There isn't much you could do to stop it (Score:3, Informative)
(http://paul-robinson.us/ | Last Journal: Thursday October 25, @07:28AM)
Well, there isn't really any way to work around this, as someone could simply have paid $50 each or whatever the cheapest state in the U.S. charges for corporations, and register 1000 corporations, then have each apply separately. After they get whatever domains they want, they sell them - for $1 - to the destined 'master corporation' and discontinue operators by doing a wind-up and dissolve . As legal as church on Sunday and as legally invulnerable. Whether you like it or not, a corporation is a separate entity from its directors or stockholders, and two separate corporations created by the same incorporator are, as a matter of law, three separate entities and entitled to recognition as separate entities. So even if some of the registrars are fake, they could still do the whole thing by registering lots of corporations separately. Raises the price by $50 each registrar but when we are looking at potentially tens or hundreds of thousands of euros per domain name they get, it's chump change.
Are you upset because you don't like what they are doing or are you upset because you didn't think to do it? You're the owner of a corporation; realize the purpose of a corporation is to provide limited liability for its owner(s) and thus allowing them, in effect, to legally cheat their creditors by denying them access to the owner's personal assets if the business fails. (Your company isn't public so I presume you're not needing to sell stock, which is a different matter). If this wasn't the purpose of a separate entity, one wouldn't need to incorporate, one could simply operate it as a sole proprietor under a fictitious name.

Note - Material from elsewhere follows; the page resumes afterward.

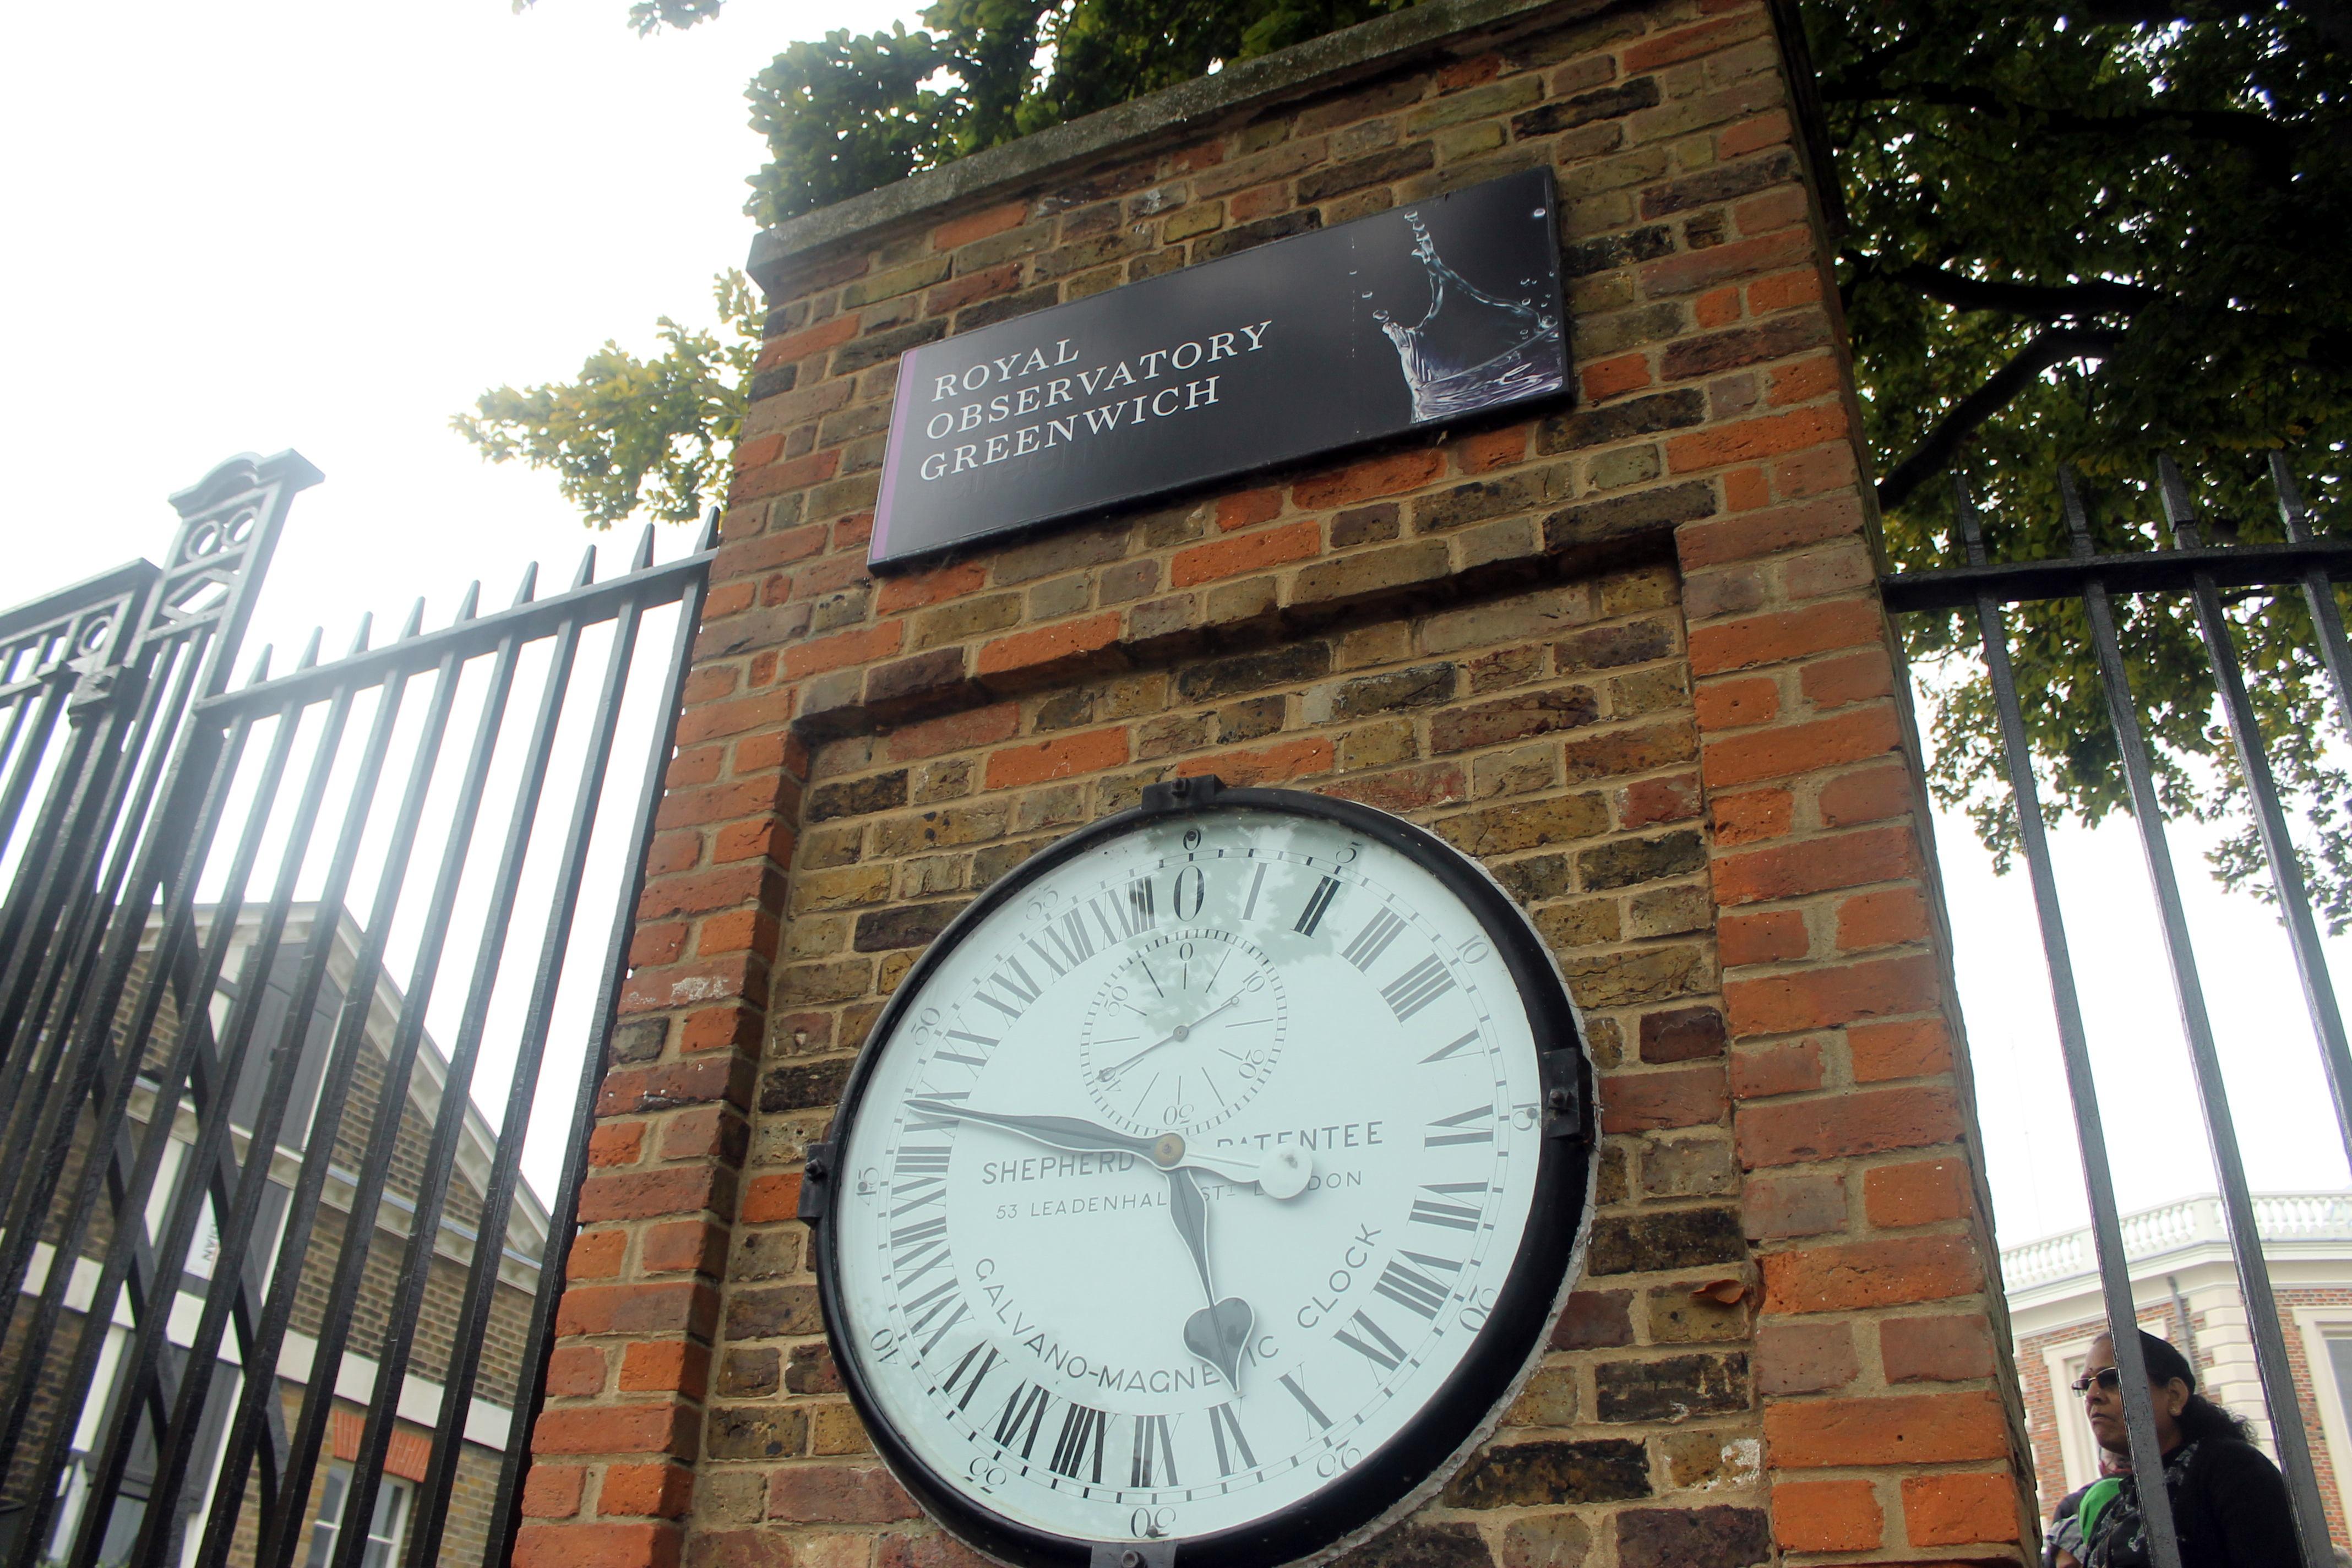 Reloj del Observatorio de Greenwich

But operating in corporate form allows one limited liability and separate existence from the corporate form. And if someone wants to set up a bunch of alleged 'sham' registrars, there really isn't any way to do it unless you only allow registrars to be individuals.
Short of that, there is always some way someone could - as you call it - 'game the system'.
If names would have been more valuable that multiple registrants would want the same names, then the answer is for the EU registry to auction them itself, thus draining the profit away from middlemen resellers.
Maybe it might seem unfair, but your comment sounds more like sour grapes. As long as someone registering in a system does not have to be a human being and can be a legal entity someone can always find a way to make multiple registrations in that system.